Кровавоглазая ненависть выглядывала из кротких голубых глаз Шестерикова – та ненависть, что подкидывала к плечу обрезы и поднимала на вилы охочих до чужого хлеба и заставляла свое сжигать, чтоб не досталось грабителям, и которая была обратной стороной любви – к мягкой родящей земле, к растущему колосу, к покорной и доверчивой, словно бы понимающей свой долг скотине, – ненависть человека, готового трудиться и поливать эту землю по́том, чтоб накормить весь свет, и у которого не получается это, не дано ему, не нарежут ему земли вдоволь, потому что от этого странным образом разрушится весь порядок жизни, позволяющий такому Светлоокову холить свое мурло, писать бумажки, годные на подтирку, и чувствовать себя поэтому хозяином.

– Не наш ты все-таки человек, Шестериков, – сказал майор, перестав улыбаться. – Или не совсем наш.

– Ваш, – возразил Шестериков. – Ваш совсем. Именно что – ваш.

В печали, с какой он это сказал, слышался человек беспачпортный, крепостной, не могший никогда наесться досыта, ухватившийся за соломинку и почувствовавший, что и ту из его рук выдирают.

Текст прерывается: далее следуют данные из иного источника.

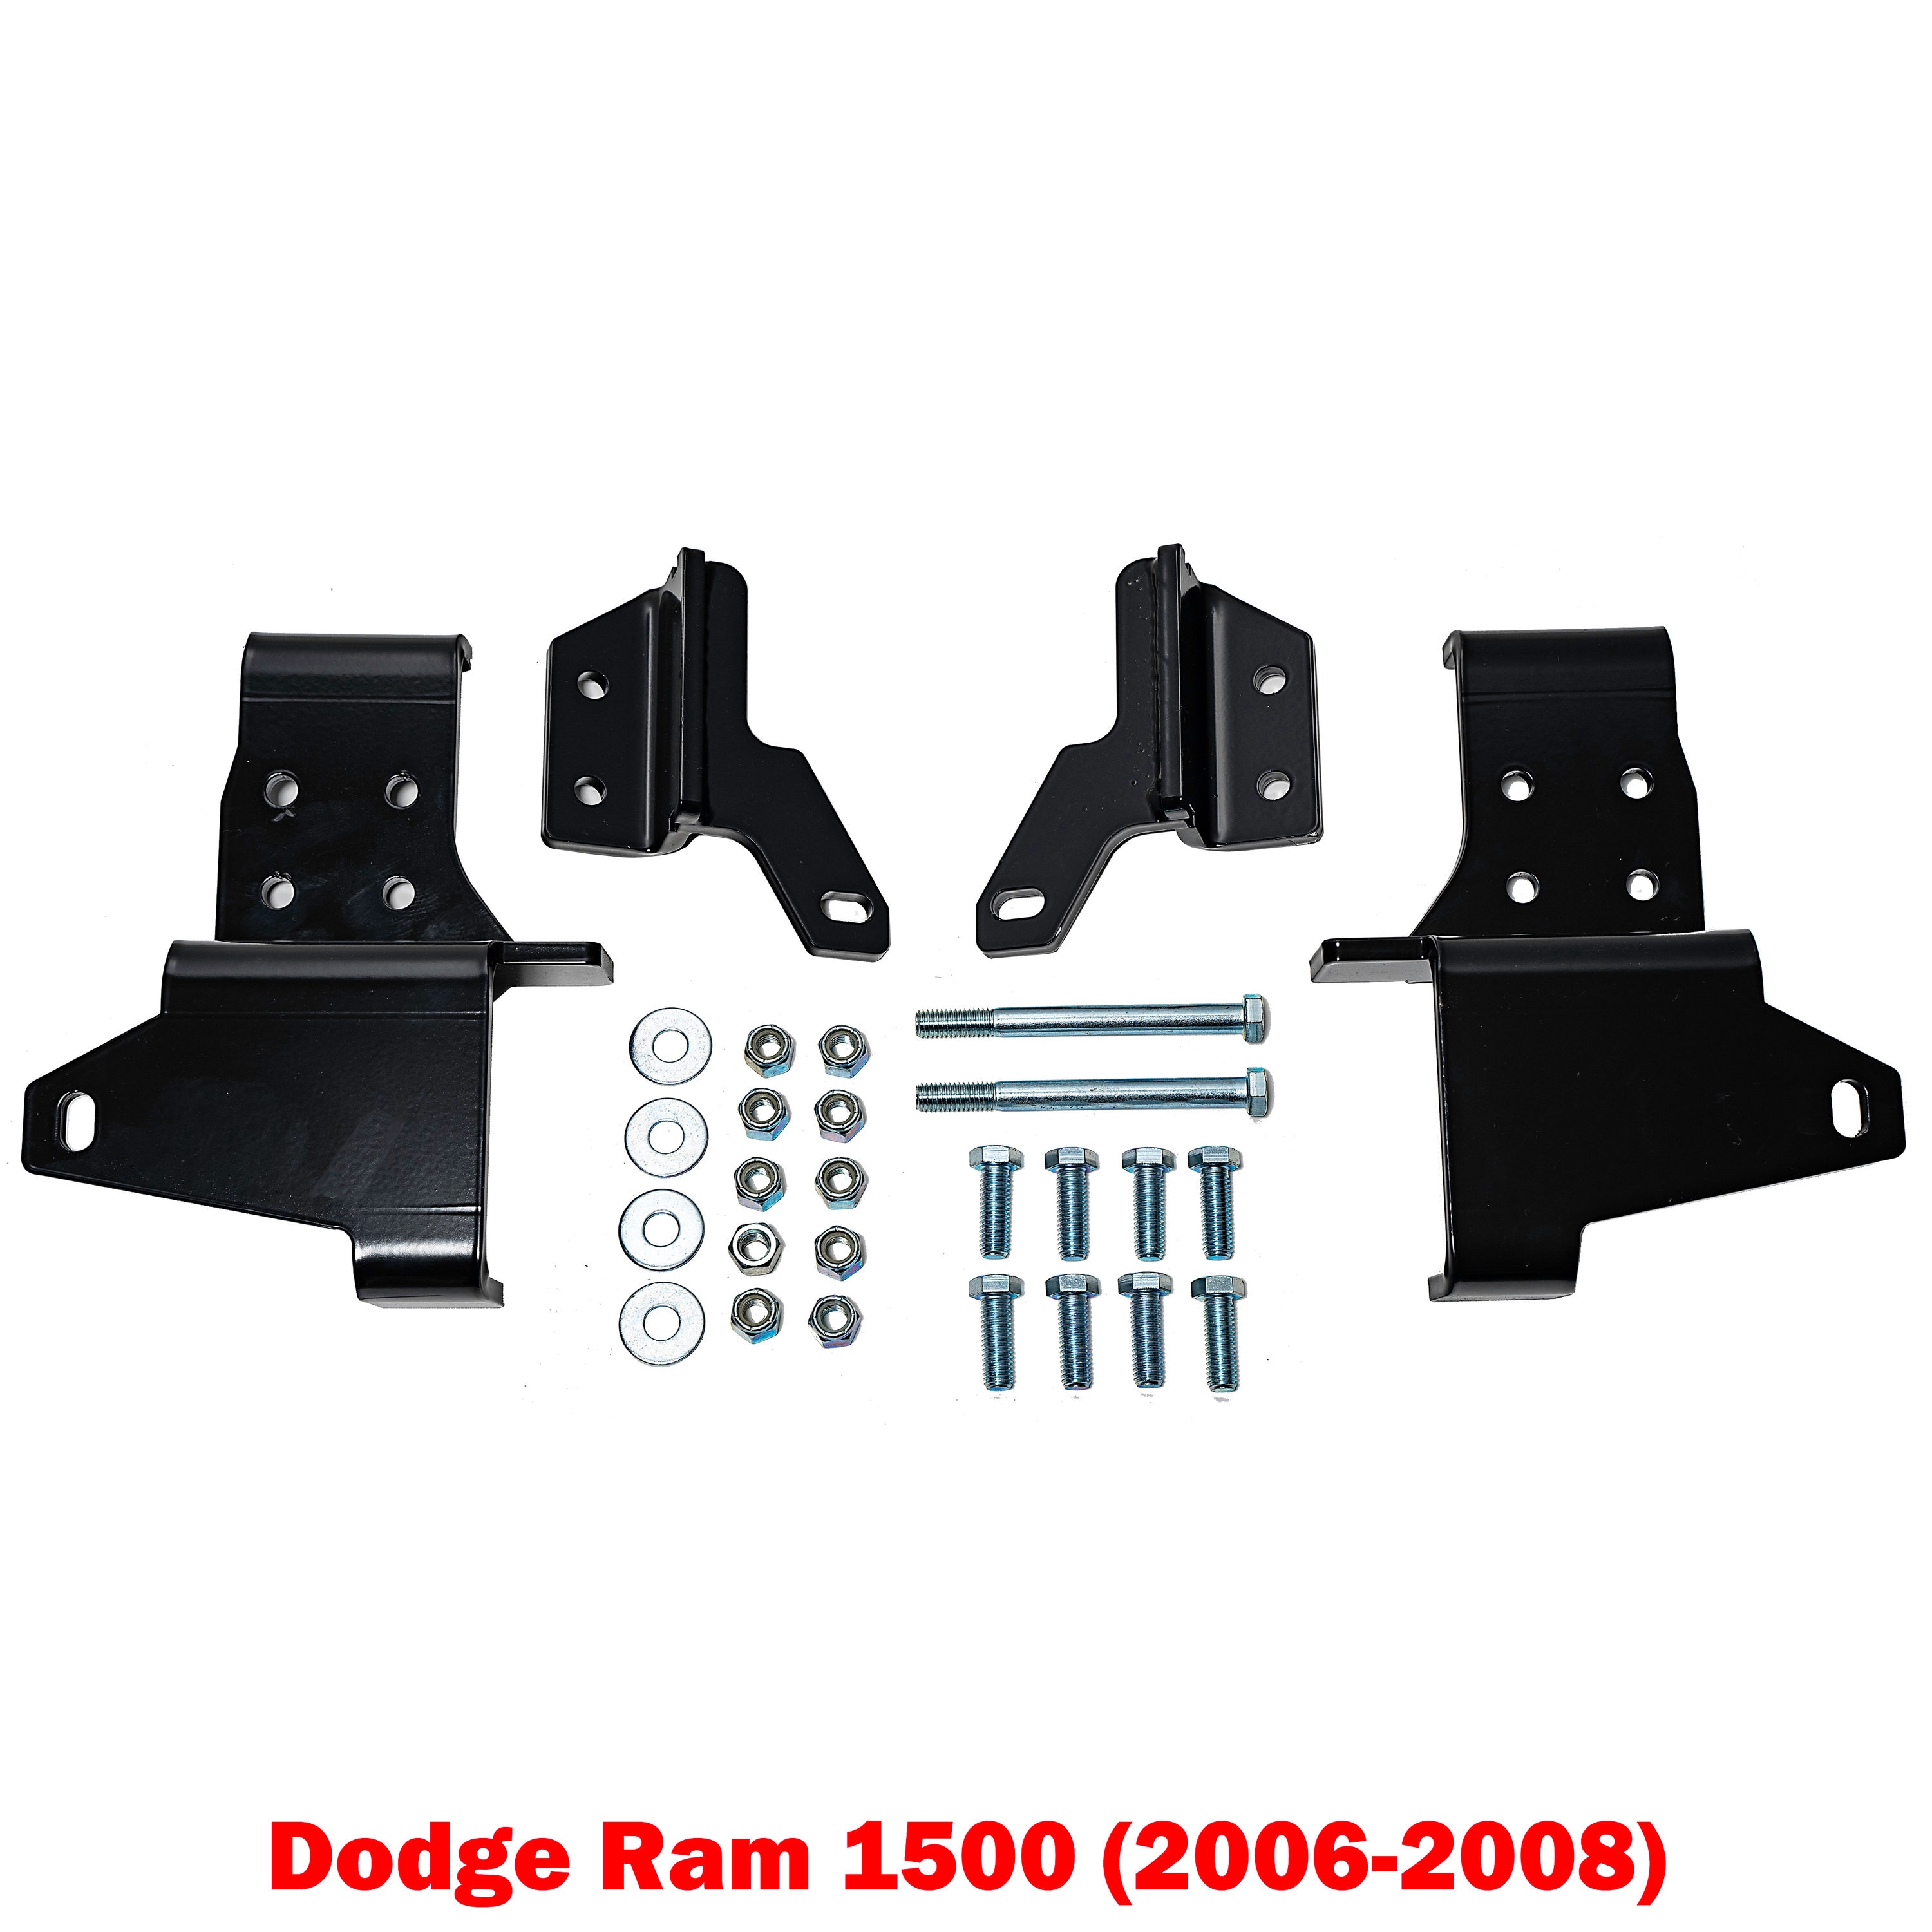 Detail K2 Mount Kit Snow Plow Accessory Compatible with Dodge Ram 1500 2006-2008 | 84313

– Я понимаю, – сказал майор, – откуда это у тебя.

– Чего «откуда»?

– Обида на нас. Можно сказать, классовая обида. Думаешь, перед тем, как с тобой встретиться для беседы, я тебя всего не изучил? Что тебе сказать? Попал ты под колесо истории. Может, и несправедливо: ты ведь в кулаках не числился, а в подкулачниках, а это же почти что середняк, только идеология сходная. И какой ты, к чертям, подкулачник! Подумаешь, две лошади, да корова, да землицы малость. Много тогда было дров наломано. Но ведь это же партия сама тогда признала. Ты же товарища Сталина читал – «Головокружение от успехов»?

«Она-то головокружение свое признала, только не вернула ничего», – хотел сказать Шестериков. Но промолчал. Такие слова лучше было не говорить, даже и с глазу на глаз. И хотелось понять, куда теперь клонит майор Светлооков.

– Срежь-ка мне веточку, – попросил майор, доставая ножик.

– Зачем?

– Жалко тебе?

– Да чо жалеть, – сказал Шестериков. – Когда уж столько загублено…

Однако с места не сдвинулся. Ради майора что-то не очень хотелось ему шевелиться, вставать.

– Ладно, – сказал майор, – я сам.

Он потянулся к ольховому кусту, срезал ветку с покрасневшей уже кожицей, ловкими взмахами ножика стал выделывать прутик.

– Хочешь, Шестериков, я тебе всю твою классовую глупость докажу. Сам удивишься, до чего ж мы дураки бываем. Ты на своего хозяина молишься, хотел бы на всю жизнь к нему прилепиться, разве не так? А это у тебя – то же самое головокружение. Ты же про него не знаешь ничего. Вот такие, как он, и наломали дров тогда. И продотрядами твой Фотий Иваныч командовал, и раскулачивал в двадцать девятом, и бунты подавлял, и целые села переселял в места отдаленные. Родитель твой, по моим сведениям, коллективизации особо не противился, а то, глядишь, почувствовали бы вы руку Фотия Ивановича! Где-то он недалече от ваших мест шуровал. И такой был служака – родного брата не пожалел бы. Ну а теперь, конечно, общее вас сплотило, война…

И Шестериков, с уныло сжавшимся сердцем, почувствовал, что вот это – правда. Чем же еще и заниматься мог генерал между своими войнами, чем вся армия занималась, на чем тактику отрабатывала! Выплыл в памяти и такой странный их разговор за водочкой, когда генерал выспрашивал настойчиво: «А все же мужичок принял колхозы?» – «Как не принять, Фотий Иванович, ежели обрезов не хватило». И генерал, насупясь, не поднимая глаз на него, а глядя в стопку, сказал: «Ну, выпьем, чтоб в следующий раз – хватило…» Вот что за этим «выпьем», оказывается, стояло!.. «А все равно, – подумал Шестериков, – майору этому не верь». Ведь сколько лет уже это в нем звучало, как заклинание: не верь им! Не верь им никогда. Не верь им ни ночью, ни днем. Не верь ни зимою, ни летом. Ни в дождь, ни в ведро. Не верь и когда они правду говорят!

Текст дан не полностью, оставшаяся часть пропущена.